Келлехер, Галлэхер и Ларри О’Рурки сделали три проворных шага назад и захлопнули дверь. Келлехер прыгнул к «максиму» и принялся поливать — о, вы струи смертоносны! — бульвар Бакалавров. Остальные орудия повстанцев, установленные в других местах, обстреливали мост О’Коннелла, на котором, впрочем, никого не было. От парапетов, битенгов и тротуаров во все стороны отлетали осколки гранита и куски асфальта. То там, то сям заваливались британцы. Их сразу же поднимали и уносили, поскольку медицинское обслуживание у британцев на высоте.

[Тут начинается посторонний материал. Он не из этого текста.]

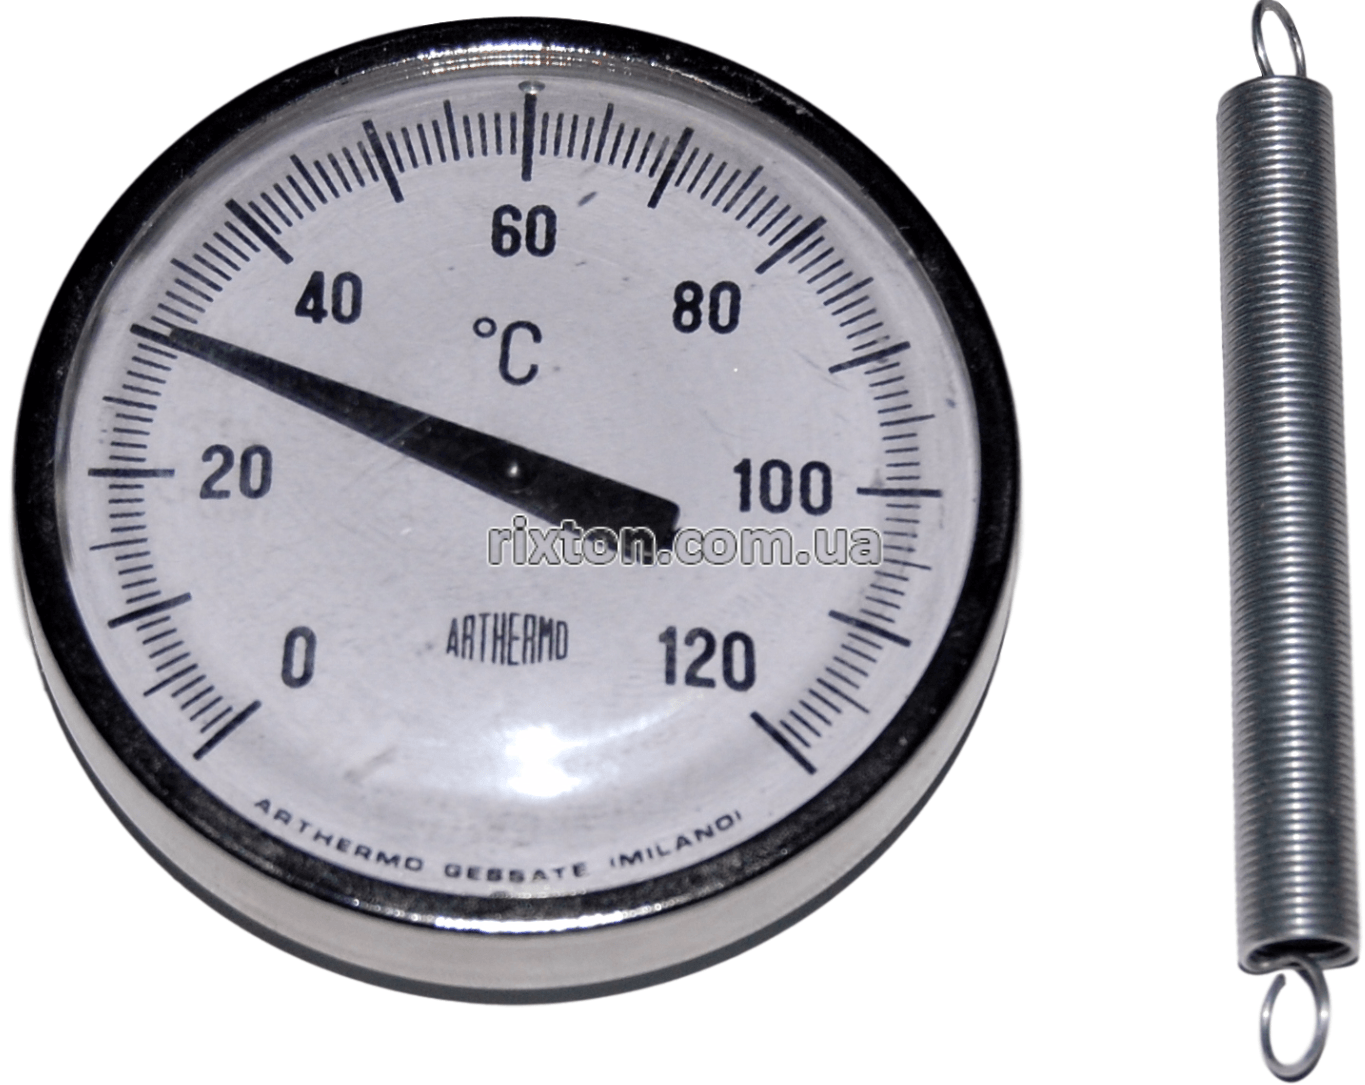 Термометр биметаллический накладной Arthermo AR-TUB 63 (Ø63 мм, 0-120°С) с пружинкой

Прошитая барышня из Post Office’а продолжала лежать под окнами. Окоченевшие конечности покойной были воздеты кверху. Из-под задранной юбки торчали ноги в черных хлопчатобумажных чулках. Легкий морской бриз ворошил шуршащие кружева. Выше черных чулок виднелась узкая полоска светлой кожи. Из продырявленного живота вытекала слишком, пожалуй, алая кровь. Лужа расползалась вокруг тела, несомненно девственного и бесспорно желанного, по крайней мере для подавляющего большинства нормальных мужчин.

Галлэхер встал у окна и приложил винтовку к плечу. Слева от мушки он заметил несчастную барышню. Ее ноги. Он полез в карман за патронами и наткнулся на некоторое отвердение своего естества. Галлэхер томно задышал, а его бесполезную винтовку неотчетливо повело из стороны в сторону. В силу чего немало британцев смогли подобраться к мосту О’Коннелла.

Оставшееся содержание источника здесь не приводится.